The association of a preoperative proinflammatory state (elevated WBC and CRP) with the occurrence of postoperative RVF provides insights into the clinical relevance of inflammation in impacting myocardial contractility. Given the limited predictive value of current post-LVAD RVF prediction models, preoperative inflammatory markers may need to be incorporated into the algorithm for improved accuracy. It is also possible that suppression of excessive preoperative inflammation can decrease the incidence of RVF and need for RVAD.

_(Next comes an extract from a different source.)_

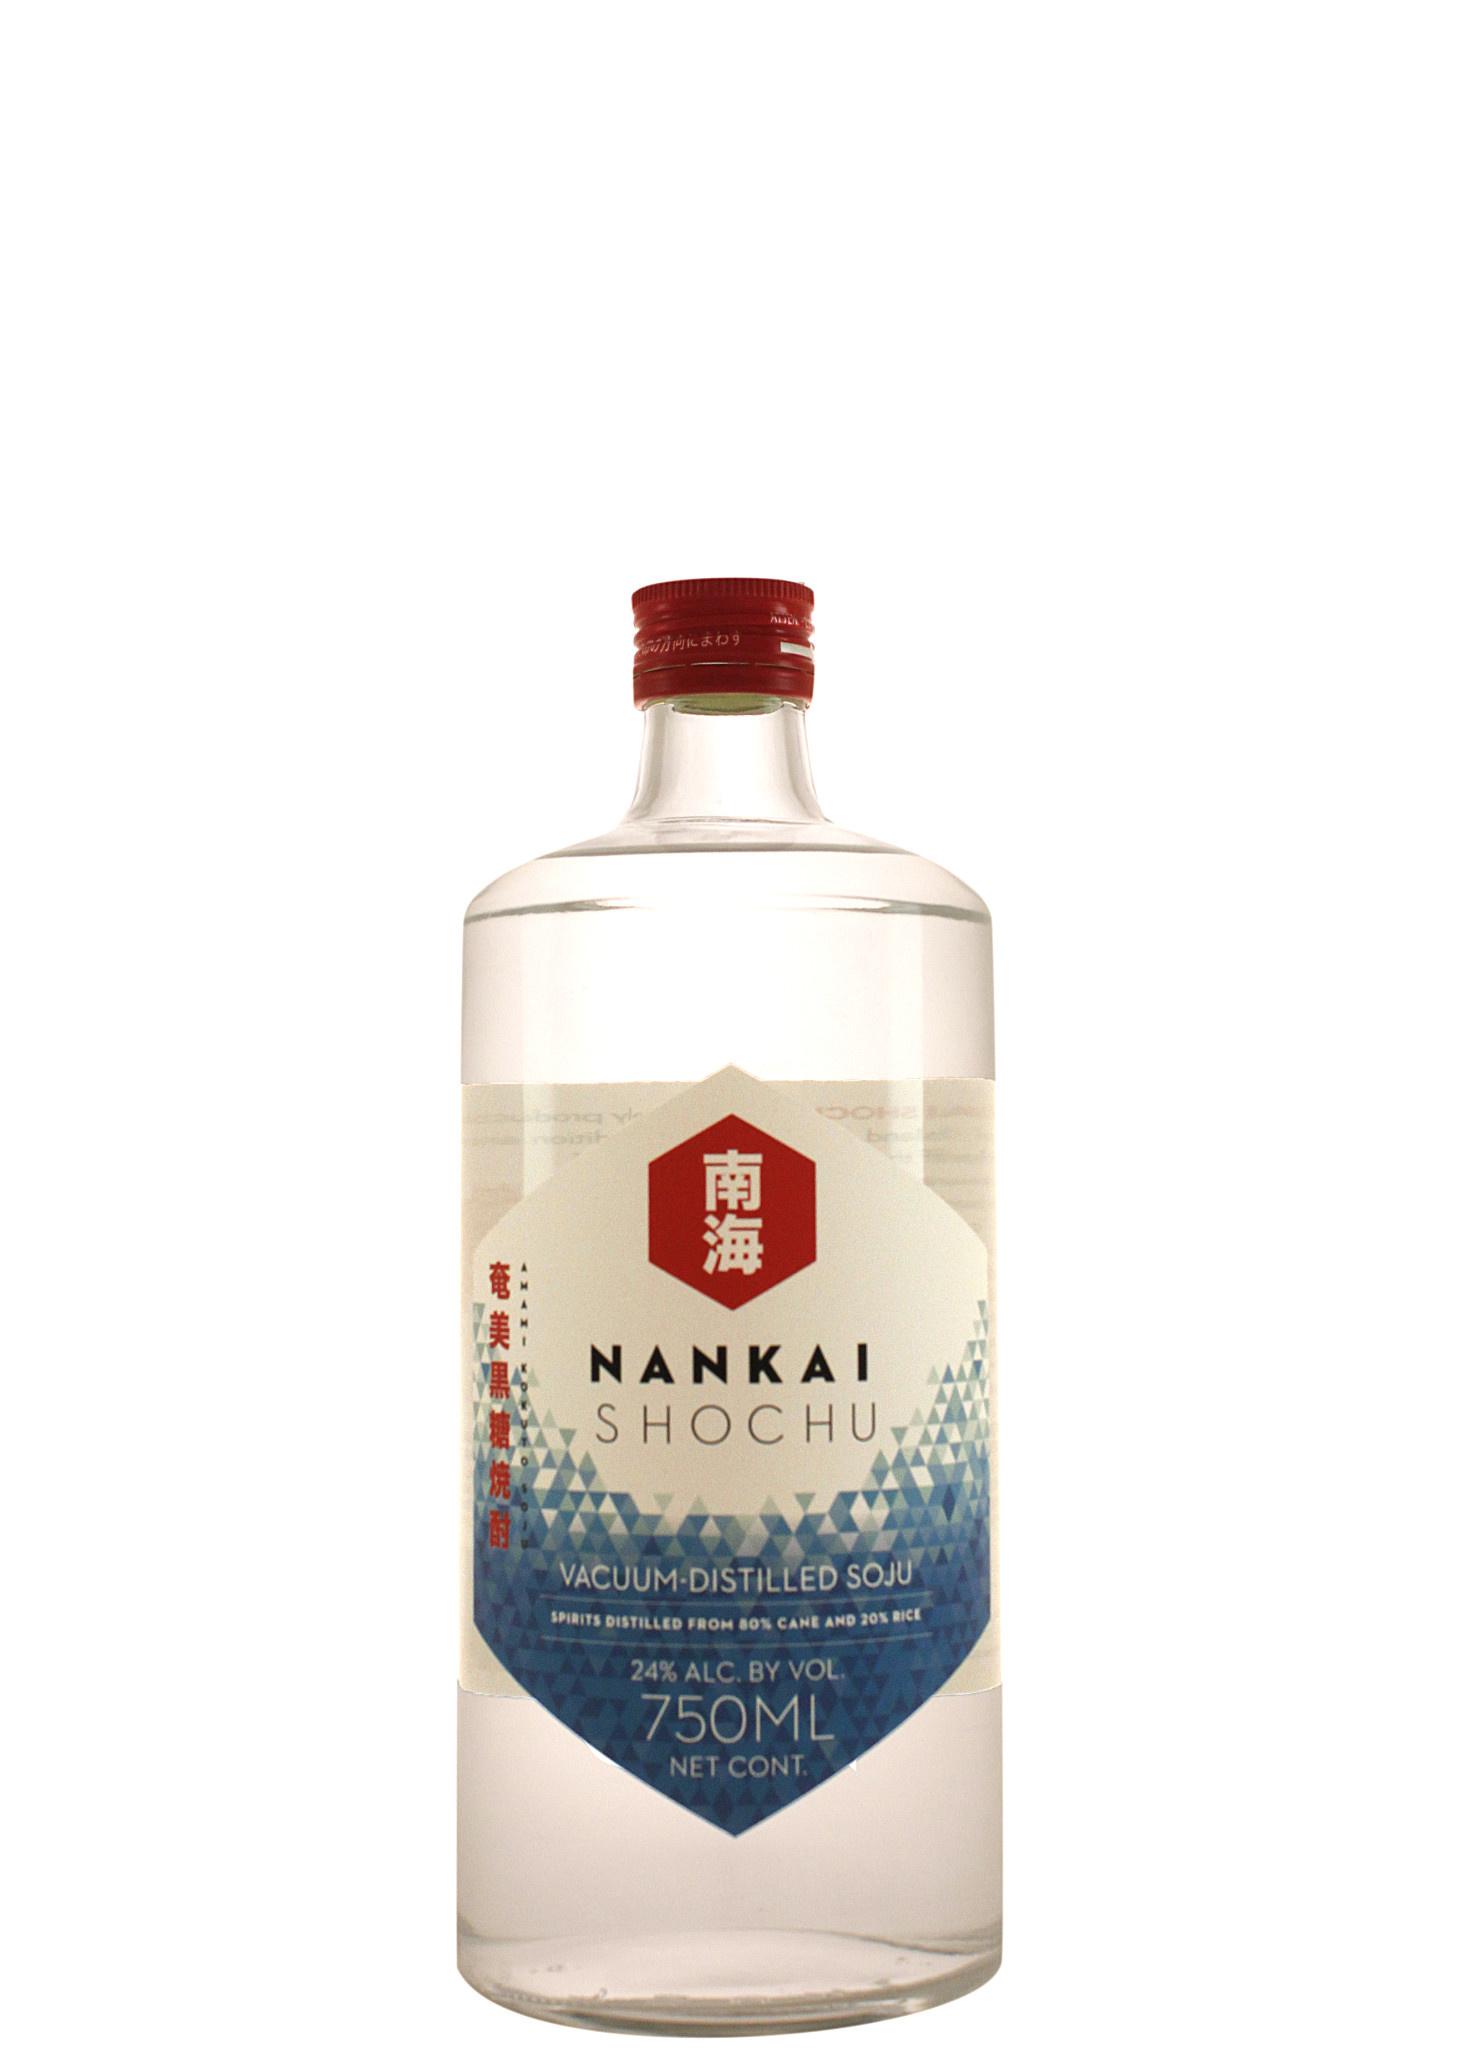 Nankai Shochu Vacuum-Distilled Soju, Japan

This study has limitations due to its retrospective nature in a single institution with inherent limitations and biases. Elevation in WBC may reflect a higher INTERMACS status with greater inotrope use, use of TCS and the stress of a greater degree of heart failure. It remains unclear whether an independent elevation in WBC reflecting a greater inflammatory status is causative for poorer postoperative and long term outcomes. We cannot definitively exclude the likelihood of infection playing a role in elevated WBC since only a minority of patients have microbiological work up to exclude this possibility. Furthermore, it is possible that steroids used to treat inflammatory cardiomyopathies (e.g. giant cell myocarditis) preoperative may have contributed to elevated WBC. While there was a difference in age, high WBC group was younger but still had a poorer survival despite this. We acknowledge that there are multiple preoperative factors that may cause elevations in WBC and CRP, this introduces heterogeneity into our study groups.

Conclusions

Our study demonstrates that a preoperative proinflammatory milieu characterized by elevations of WBC and CRP can be associated with postoperative RVF. Increased WBC was also associated with a longer length of hospital and ICU stay, a higher incidence of postoperative dialysis, as well as poorer long term patient survival. Preoperative proinflammatory stimuli likely include temporary mechanical support, catecholamines, concurrent infection, and low cardiac output syndrome with tissue ischemia. Leukocytosis is likely a marker of tissue stress and hypoperfusion. Furthermore, it is well recognized that inflammation can have a negative impact on myocardial contractility with implications for RVF after LVAD implantation.